Gary Giel Gore: University Designer

Gary Gore (VU Special Collections and University Archives)

Gary Giel Gore, of Nashville, died March 28. He was 89.

A native of Lincoln, Nebraska, Gore was raised primarily in Fort Atkinson, Wisconsin. His father was a small-town newspaper editor, and Gore worked in his father’s newspaper print shops growing up. It clearly influenced his career path, as he ultimately ventured into printing, publication and book design after leaving home. His early career moved him to Madison, Wisconsin; Richmond, Virginia; Kingsport, Tennessee; and finally to Nashville in 1965 when he came to work at Vanderbilt University Press. After the press closed a few years later, he found work with the American Association for State and Local History. He returned to Vanderbilt in the early 1980s as university designer and later became director of publications. He retired from Vanderbilt in 1998. Book design had become his love and his passion, and after leaving Vanderbilt, he continued to provide freelance design for numerous publishers around the country until his health finally forced him to fully retire. His final design project, which is still in production, will be a book titled A History of Nashville’s Warner Parks.
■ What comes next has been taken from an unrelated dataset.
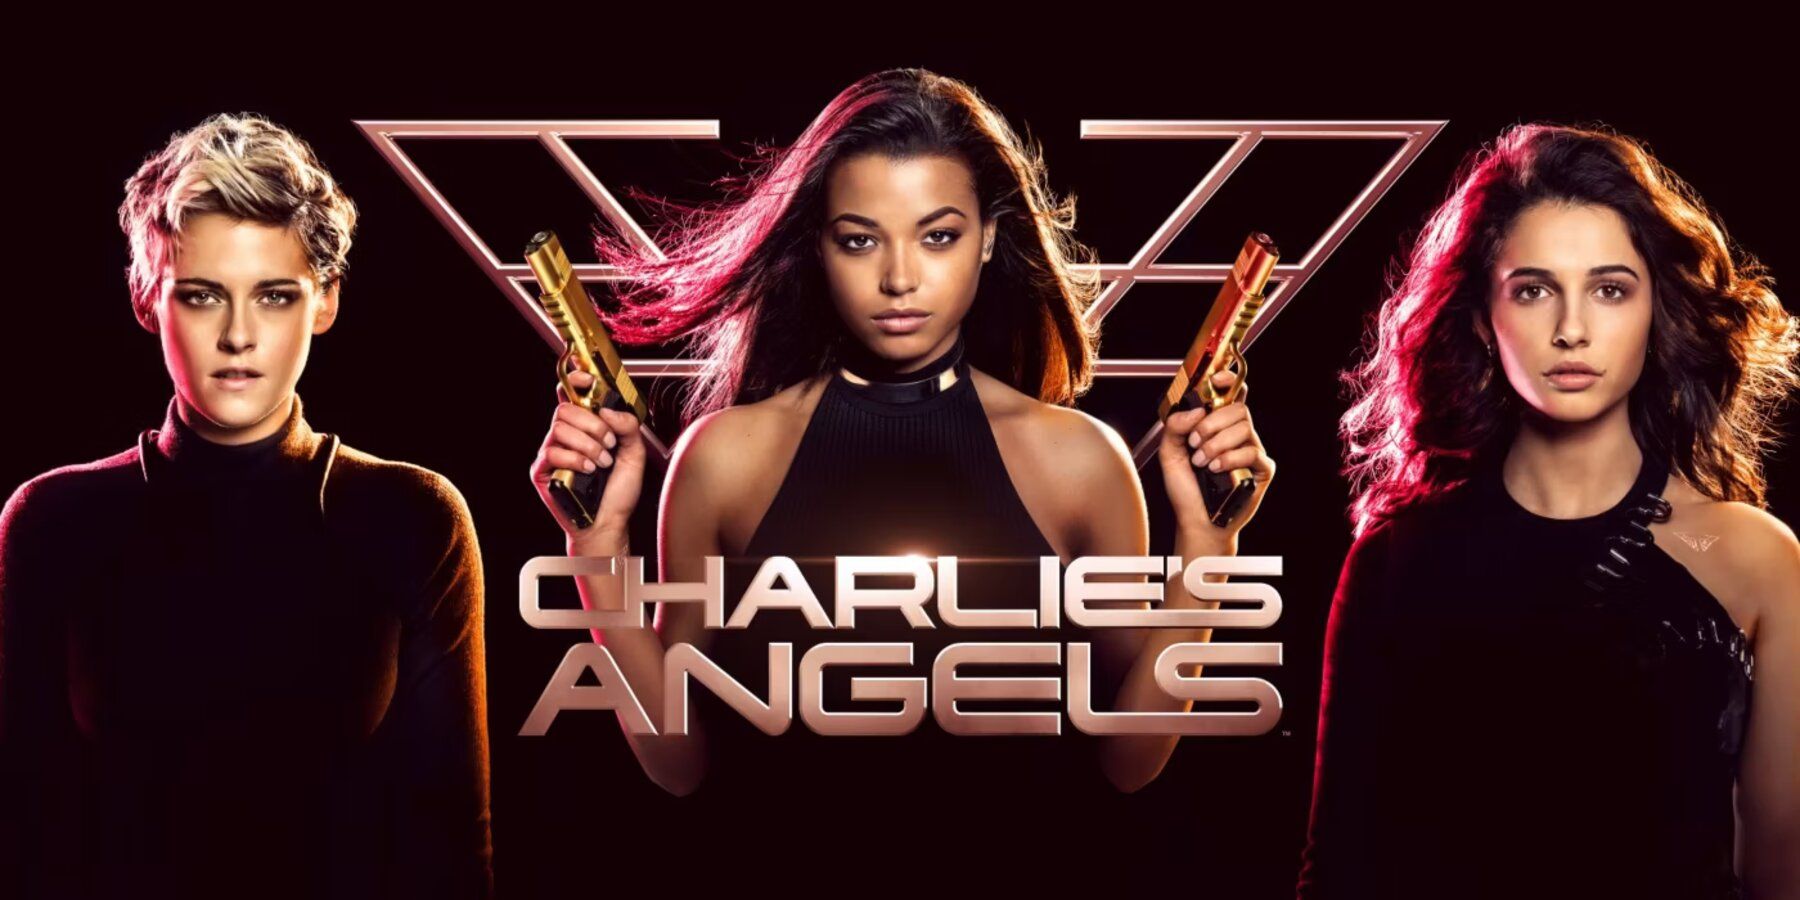 Charlie's Angels Elizabeth Banks

Many of his friends and family remember Gore as a great wit and raconteur, a warm, wise fellow who entertained those around him with amusing and hilarious stories—predictably embellished for the benefit of humor, but never at the expense of his friends. He touched many lives deeply and made his office environments amusing and interesting places to work.

He is survived by his wife of 25 years, Kathryn Nethercutt Gore, his son, Bruce Gore, his daughter Kymberly Alsup, stepson Mike Dixon and numerous nieces, nephews, grandchildren and great-grandchildren.